Message From the Inspector General

Although it appears that the COVID-19 virus will be with us for some time, many of us have begun to take steps in both our personal and our professional lives to reconnect with others, rebuild our routines, and regain a sense of normalcy. As part of this transition, our office and both of the agencies we oversee are shifting to hybrid work.

The Board of Governors of the Federal Reserve System completed its return-to-office plan on June 3 and transitioned to a hybrid work schedule. The Consumer Financial Protection Bureau ended maximum telework by June and implemented optional full-time telework that will run through October 31. In separate evaluations, we assessed whether the Board and the CFPB implemented select workplace safety measures in response to the pandemic. We found that each agency’s enhanced cleaning, air filtration practices, social distancing measures, building access controls, and other actions were executed in accordance with their respective plans.

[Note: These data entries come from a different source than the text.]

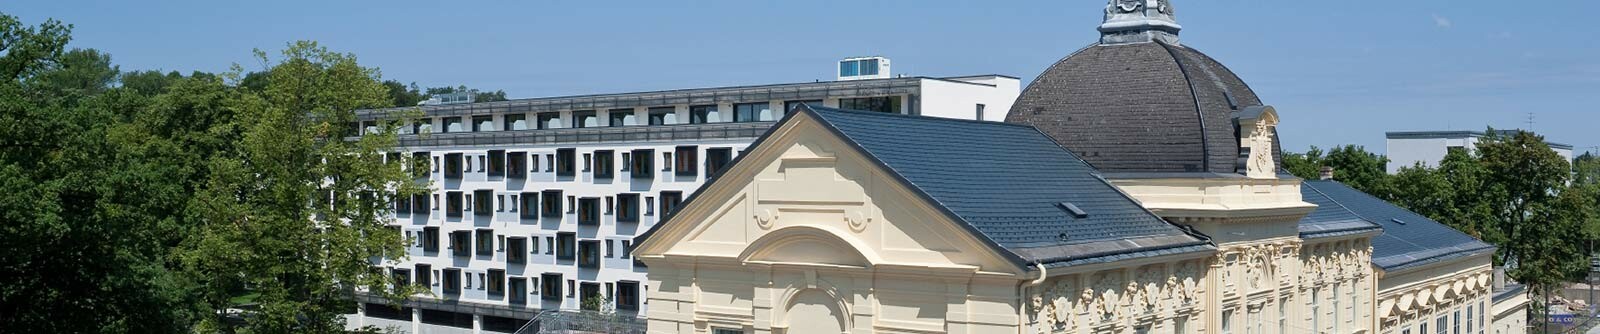 Denkmalgeschützte Stadtsäle in St. Pölten mit neuer Dacheindeckung aus Aluminium von PREFA in der Farbe Anthrazit.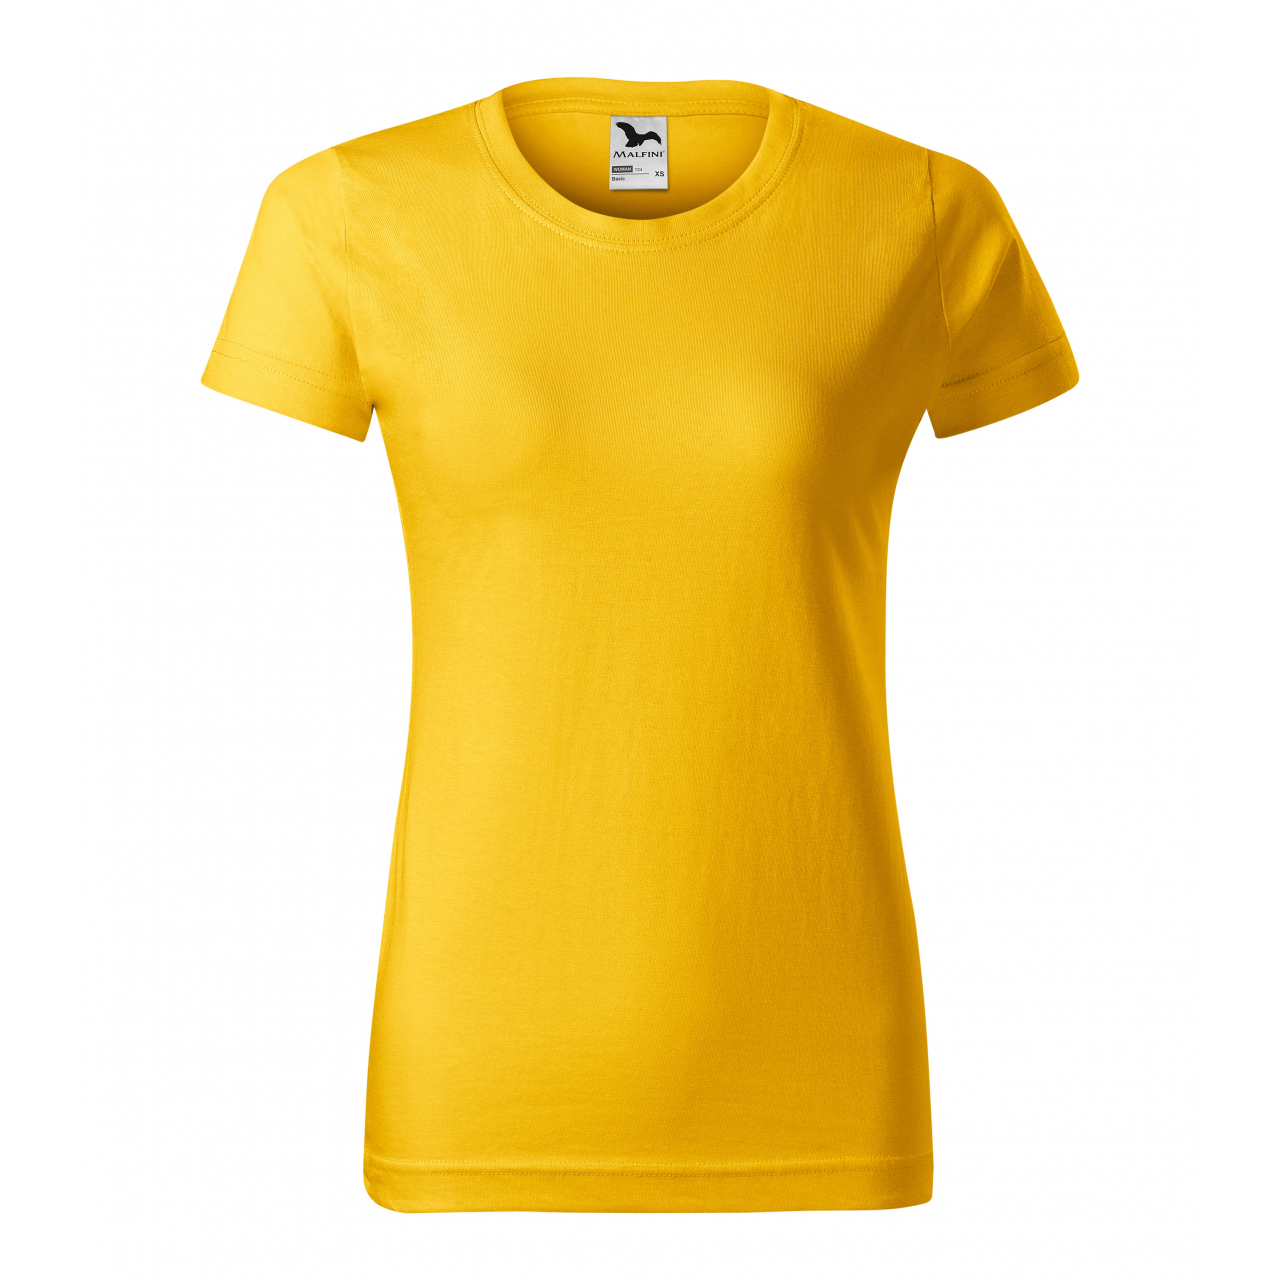 Triko dámské Malfini Basic - žluté, XL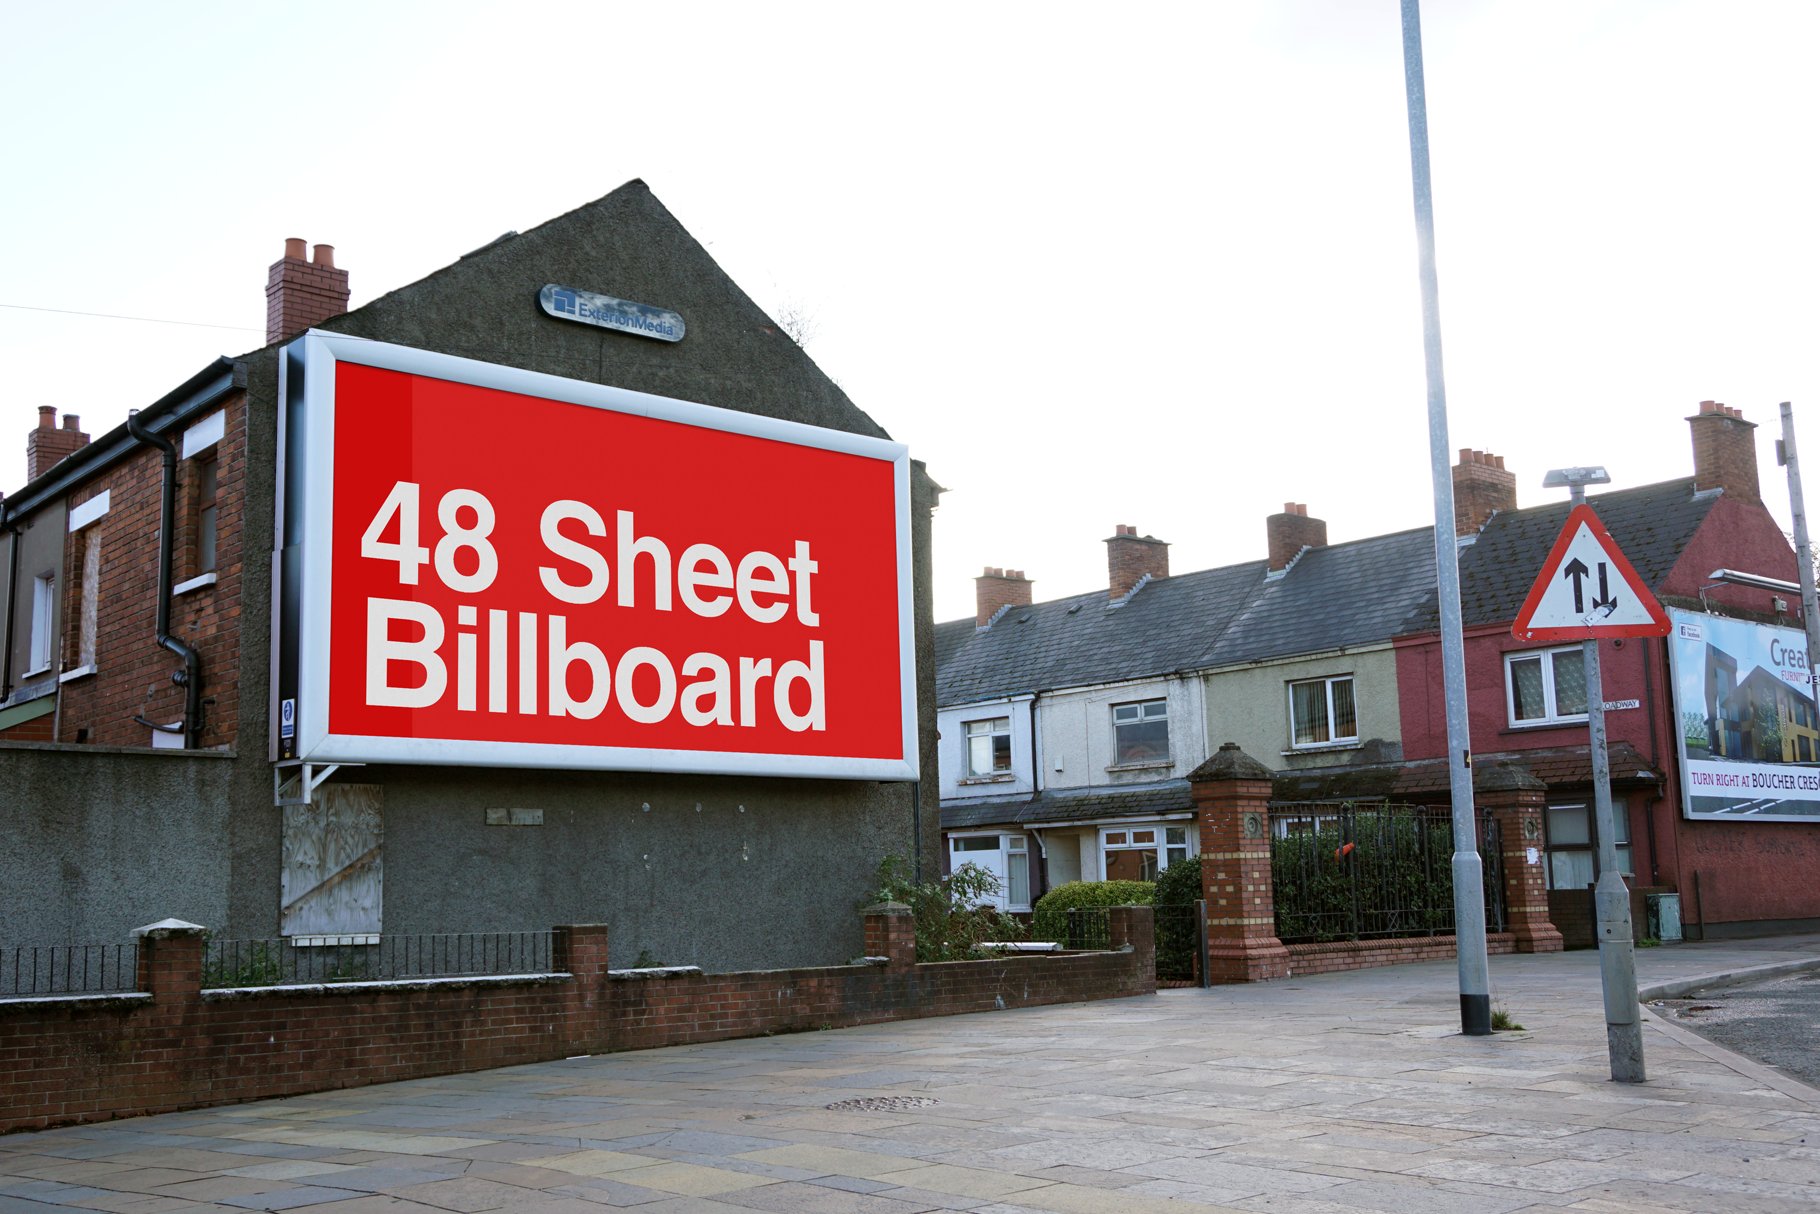 48 Sheet Billboard Mock Up - Belfast cover image.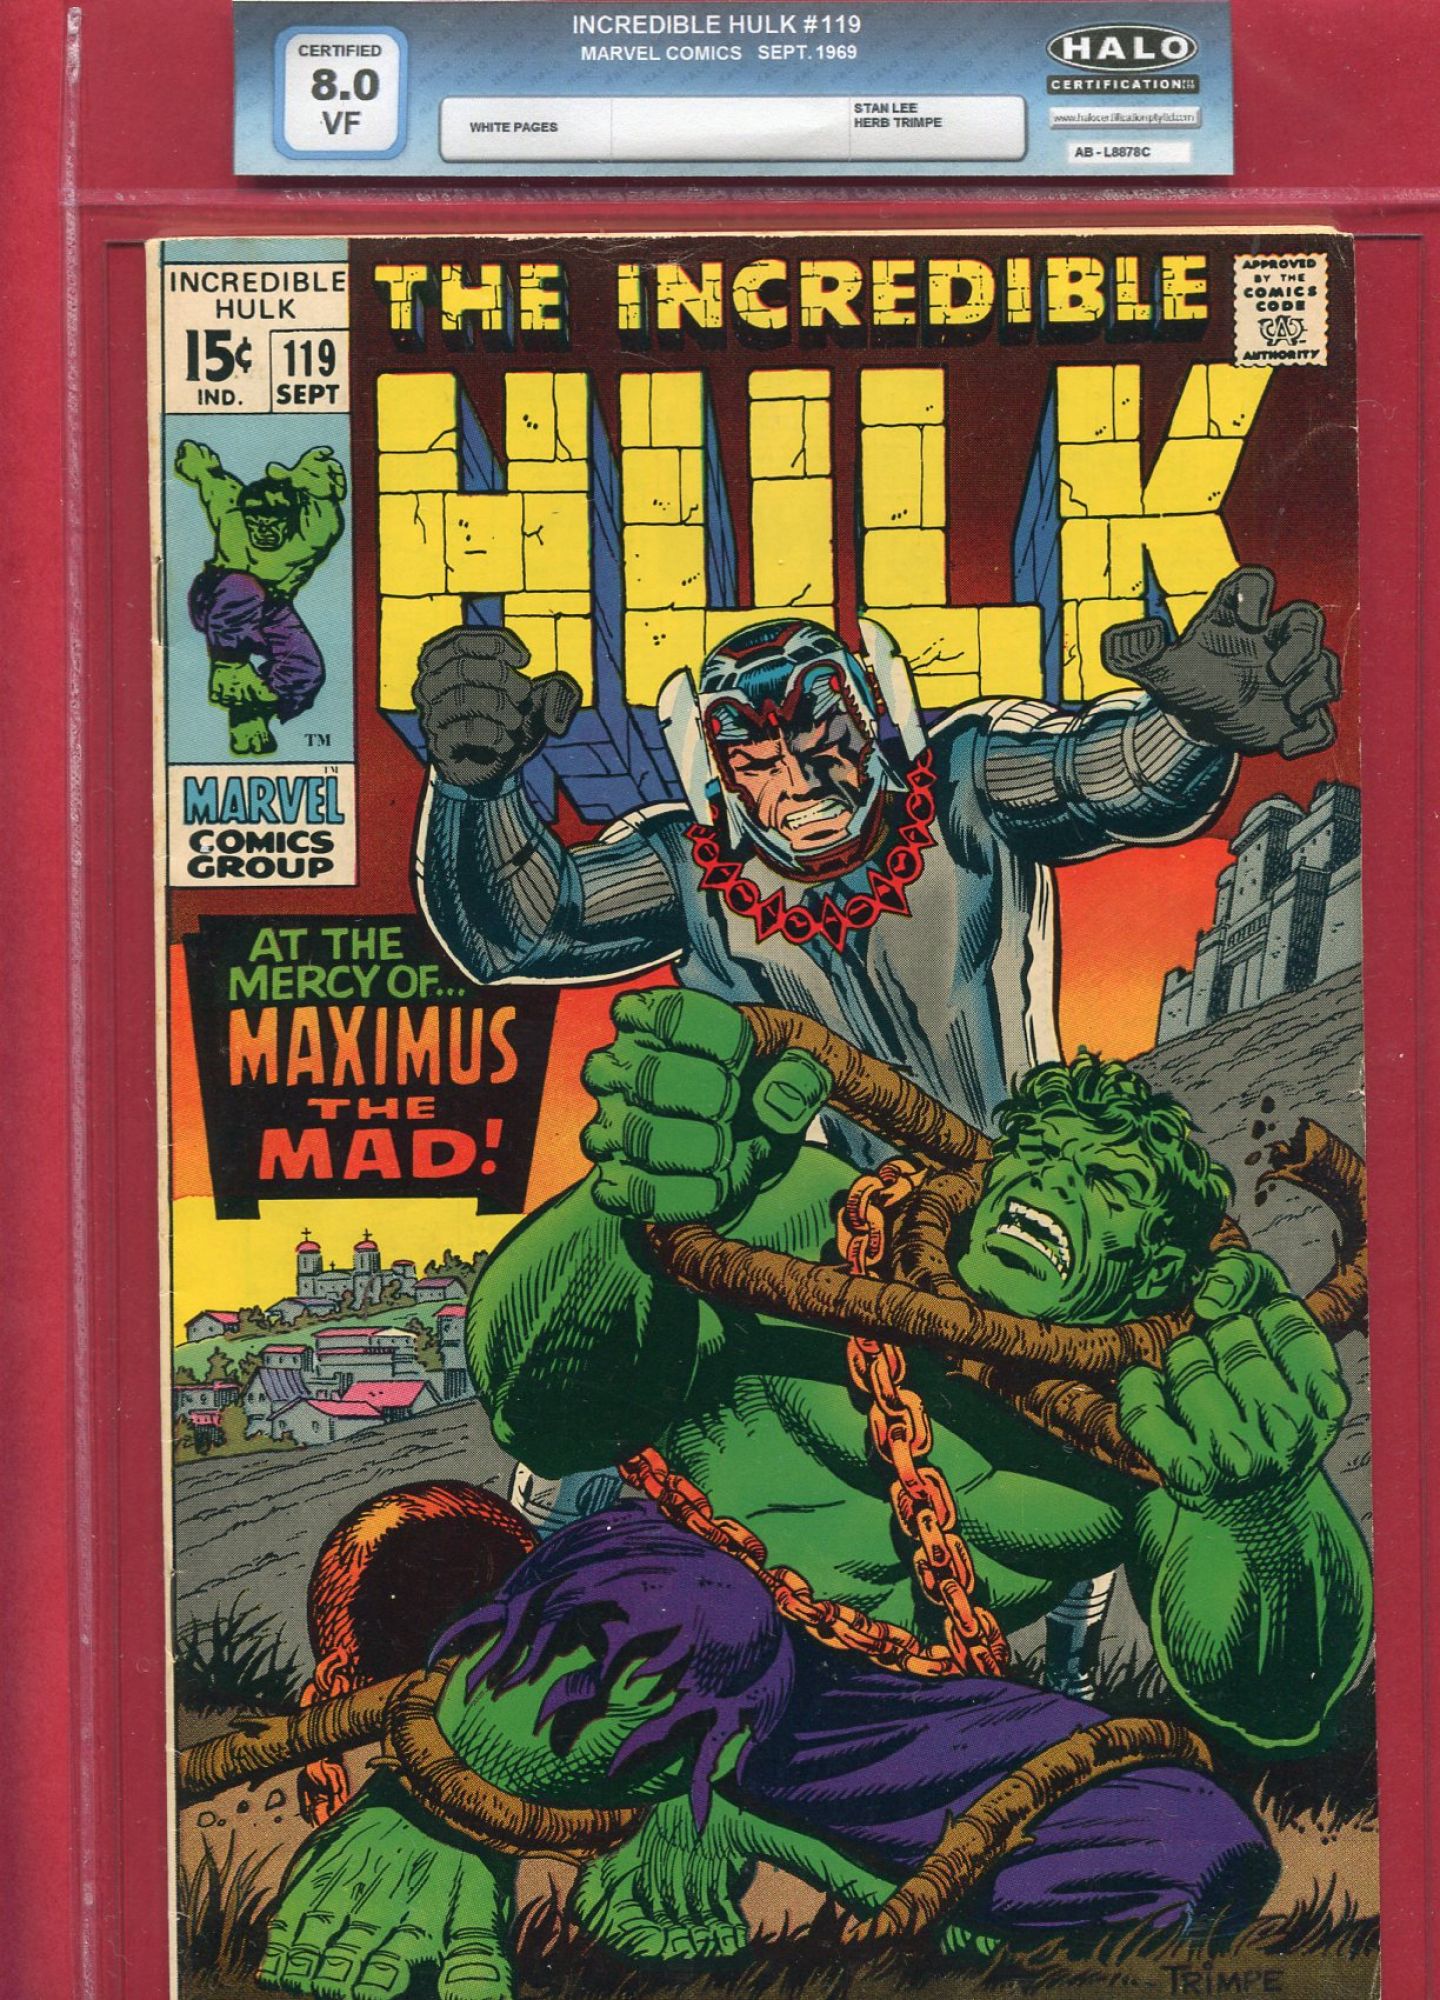 Incredible Hulk #119, Sep 1969, 8.0 VF Halo Soft Slab

Our oversight of pandemic response efforts remains critically important. I continue to serve on the Pandemic Response Accountability Committee (PRAC) and am vice chair of the PRAC Investigations Subcommittee as well as a member of the PRAC Financial Sector Oversight Subcommittee. In addition, our Office of Audits and Evaluations and Office of Information Technology continue to assess the Board’s lending programs. Currently, we are evaluating the loan purchase and administration processes for the Main Street Lending Program (MSLP), vendor selection and management processes related to the Federal Reserve Bank of New York’s lending programs, and cybersecurity risk management for vendors supporting the MSLP and the Secondary Market Corporate Credit Facility.

Our Office of Investigations maintains a heavy caseload examining fraud related to the emergency lending programs established in response to the pandemic. In one recent case, for example, a Missouri business owner was charged in a 52-count indictment for a $27.1 million bank fraud scheme that included $12.4 million in forgivable Paycheck Protection Program (PPP) loans meant to help businesses weather the pandemic. In another, the owner of a Massachusetts information technology services company was sentenced to 39 months in prison and 3 years of supervised release for repeatedly filing loan applications using false tax documents and payroll processing records in an attempted $13 million PPP fraud; he received $2 million, nearly all of which the government has since recovered. In total, over the past 6 months, our investigative work related to pandemic fraud has resulted in 38 full investigations; 23 arrests; 18 convictions; and over $16.2 million in criminal fines, restitution, and special assessments.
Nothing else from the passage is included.